One of the best actions you can take for the future of America is to switch your power choice to one of the green options I mention or the equivalent in your area. If you are in New York, New Jersey, Pennsylvania or Texas, go to Power Scorecard and find your best options. Once you switch you will feel great about being part of the solution rather than part of the problem.
For other states there are a variety of programs. Again, you can find out about 100% Green Energy Plans or click here for other options.
I also want to emphasize that energy efficiency is another way you can be greener and in this case save money. Often combining energy efficiency with a switch to all green power gives you a net savings while making you about as green as can be, your car aside.
First, get a home energy audit. This is the best way to find ways to save energy and save money. The US Department of Energy has suggestions for a do-it-yourself (cheaper but not as effective) audit as well as how to get a professional audit (costs money but will find more effective ways of saving you money in the long run).

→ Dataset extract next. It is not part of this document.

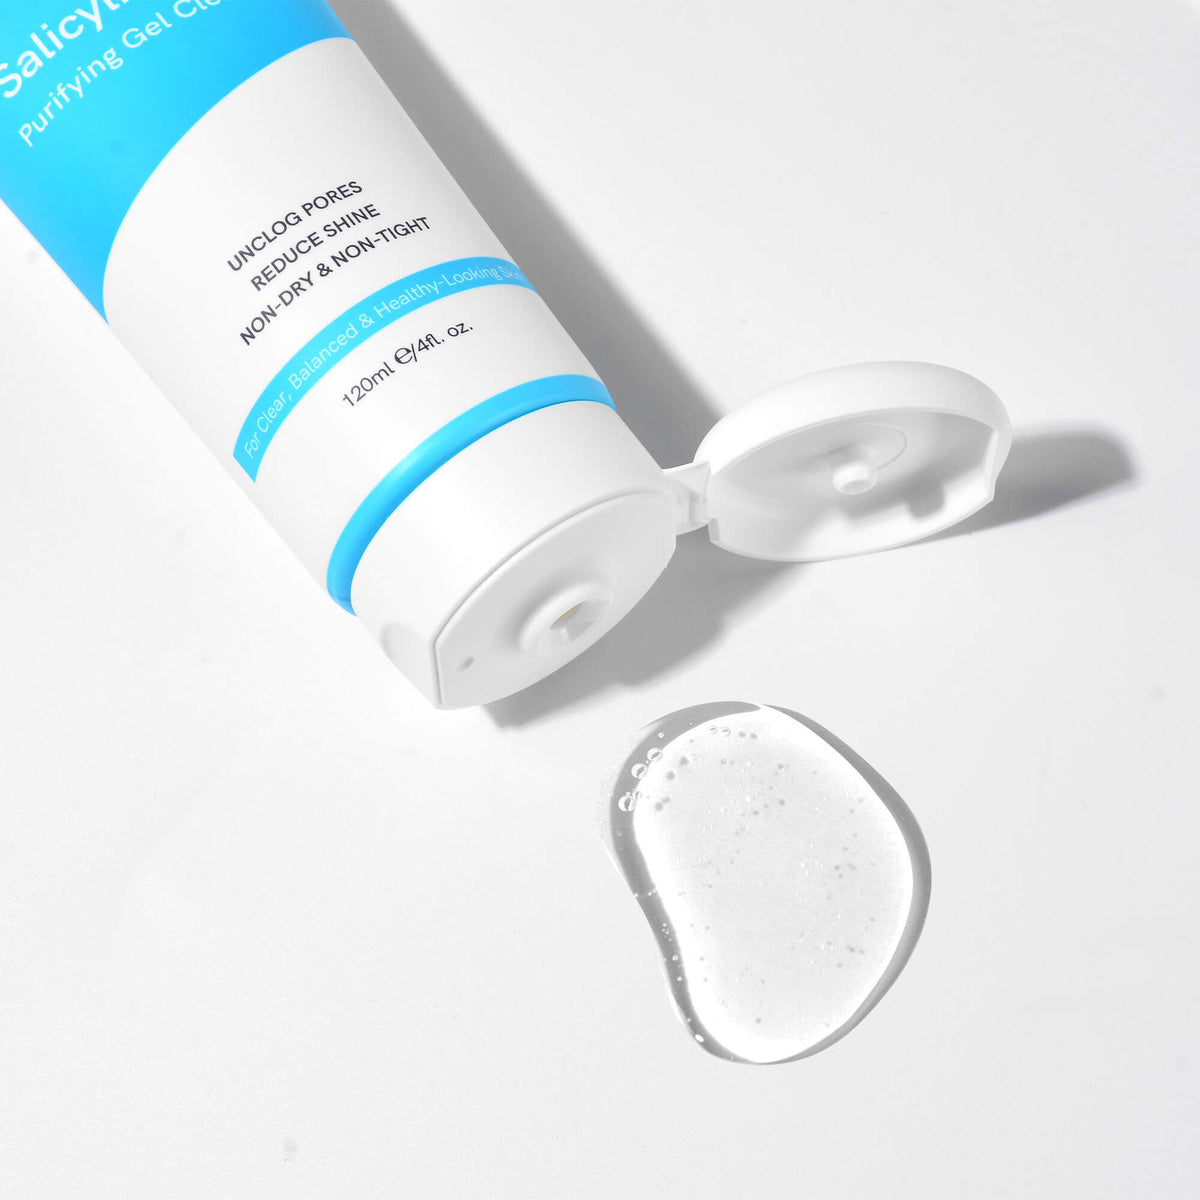 Amarrie | private label facial cleanser-salicylic acid cleanser
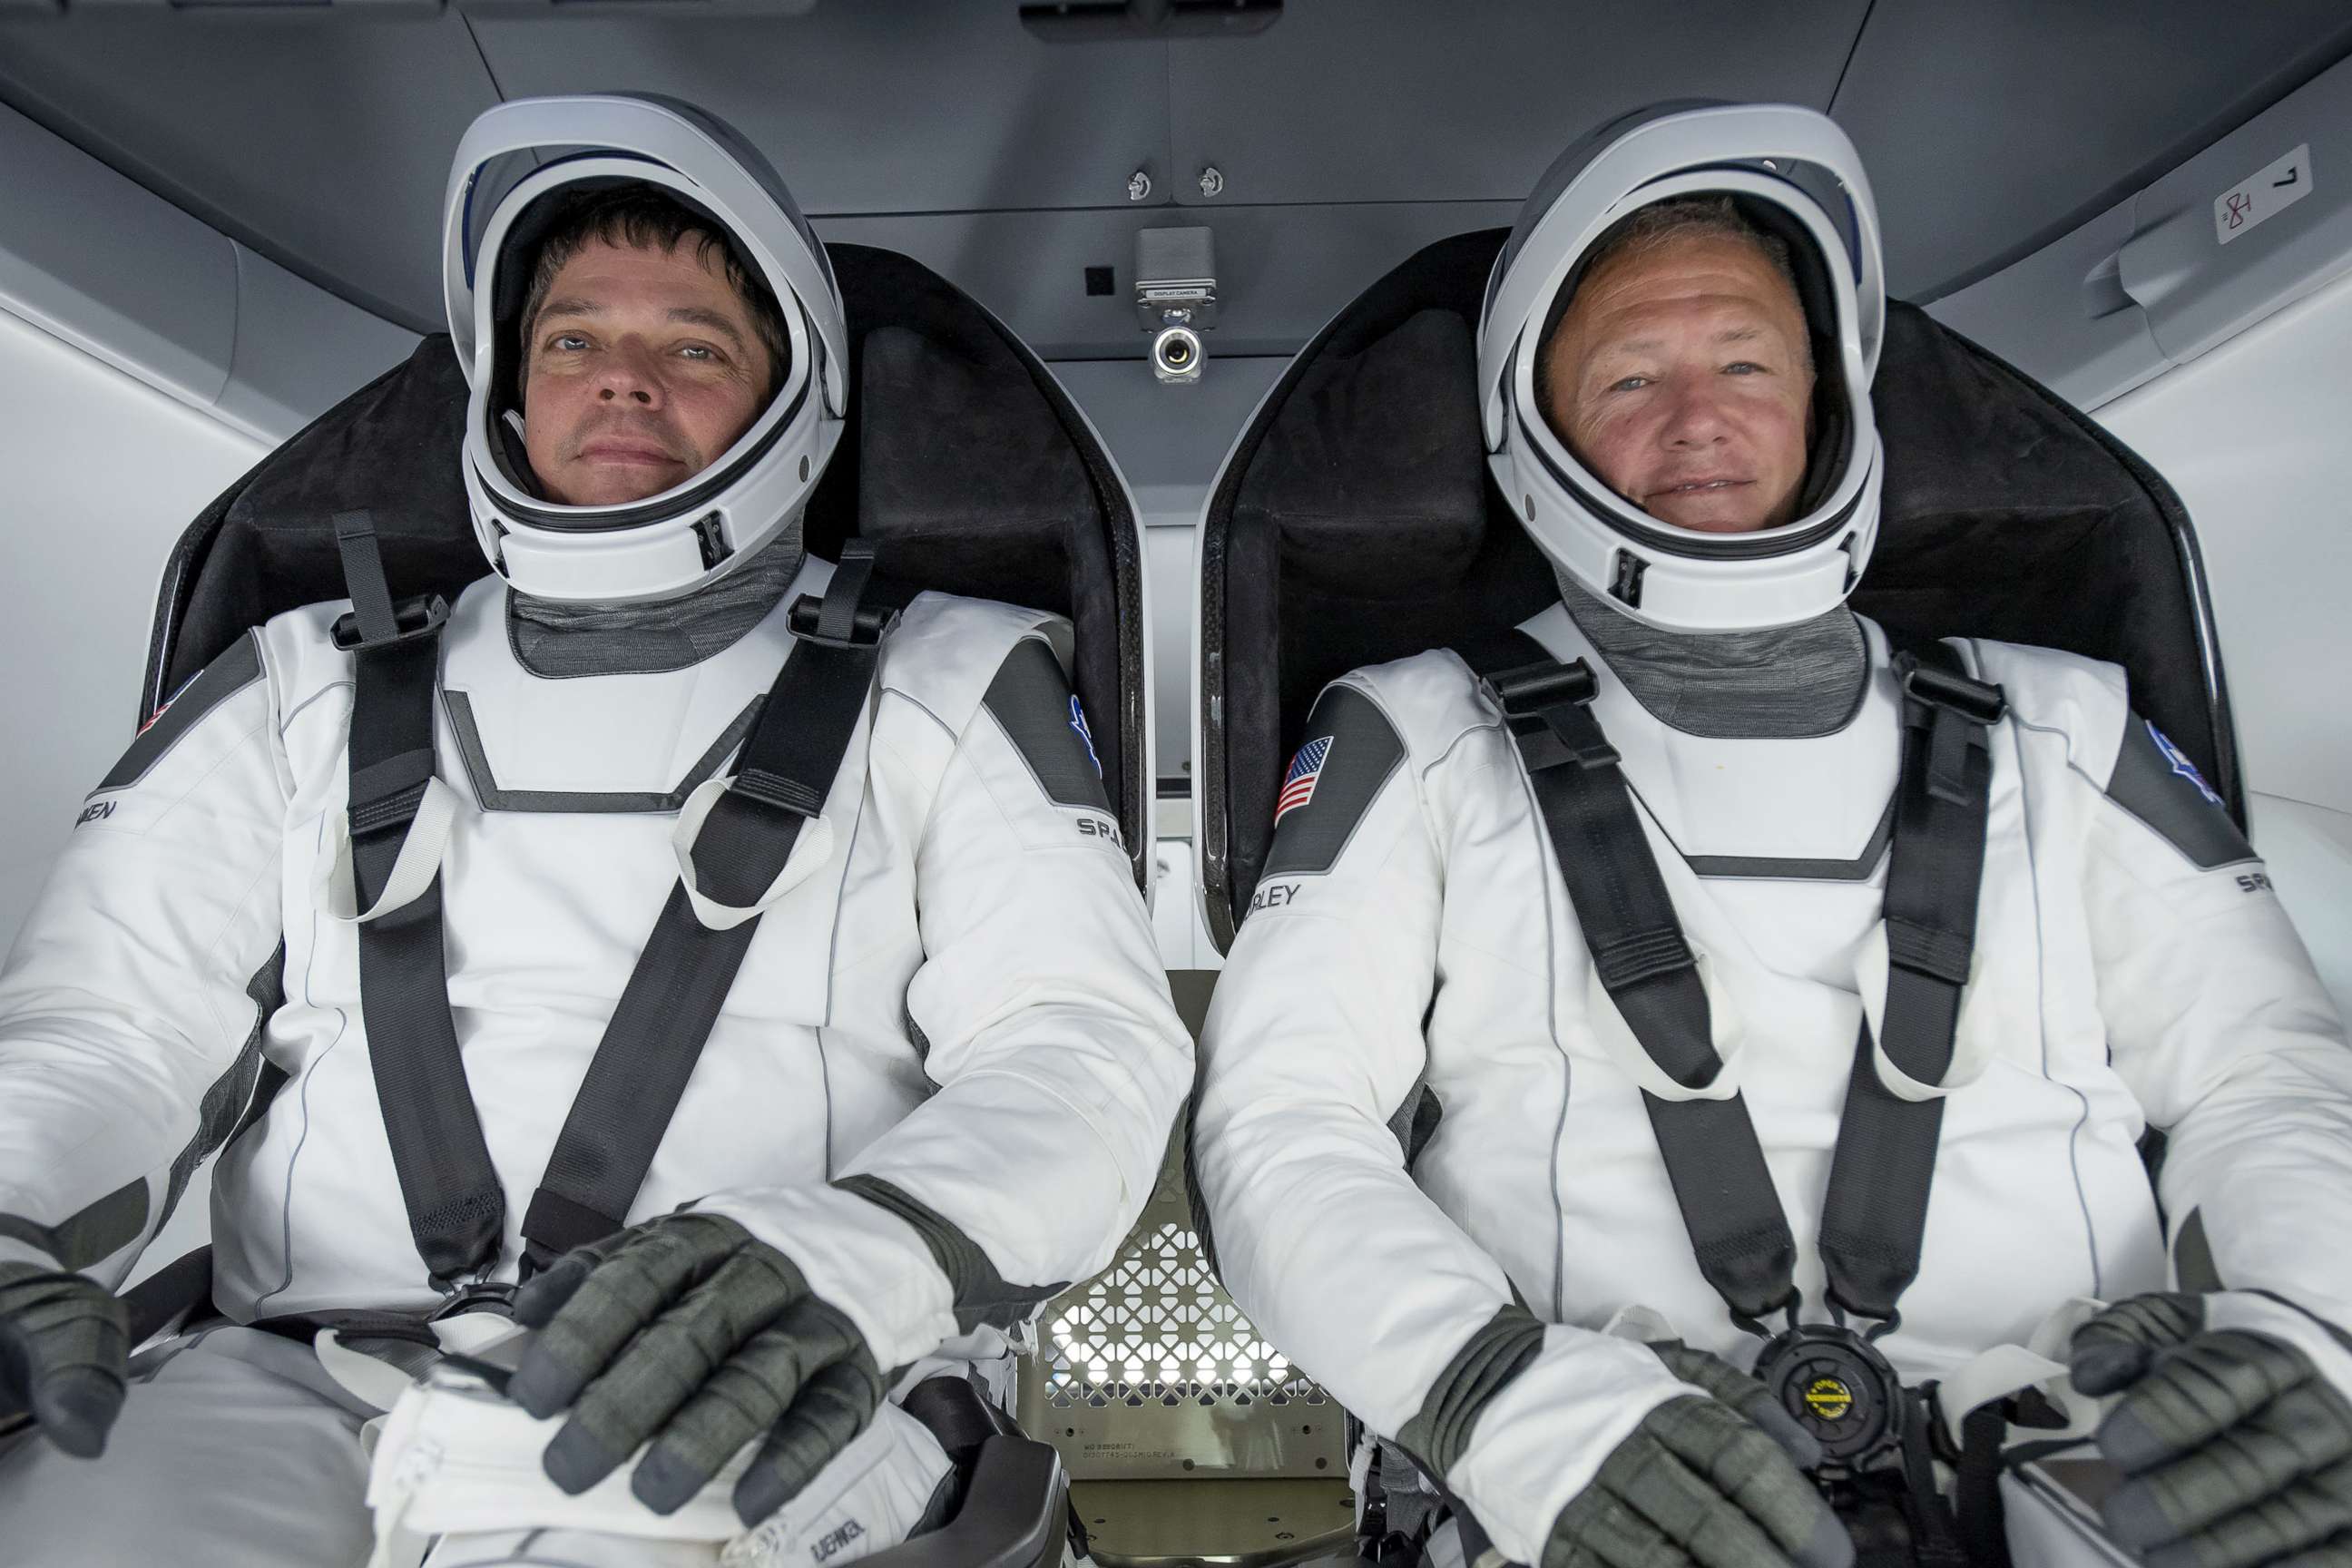 PHOTO: NASA astronauts Bob Behnken, left, and Doug Hurley participate in a fully integrated test of SpaceX Crew Dragon flight hardware at the SpaceX processing facility on Cape Canaveral Air Force Station in Florida, March 30, 2020.

You should also switch your light bulbs from the old, inefficient incandescent bulbs to new, cleaner, MUCH more efficient compact fluorescent bulbs. When my wife and I did this our energy bill went down by 30% immediately. We saved a huge amount by making the switch. Compact fluorescents are a bit more expensive than incandescent, but they last MUCH longer and use MUCH less energy so you save a lot in the long run.
The savings from switching to compact fluorescents alone can be enough to more than offset the cost of buying all green energy. And if you add some of the other energy efficiency savings, you will never even notice the cost of buying green energy. And you will be helping revitalize America's economy and environment, providing one of the best gifts you can give your children and grandchildren.
Take these three steps to saving money and going green. You can be part of the solution, reducing pollution AND creating American jobs.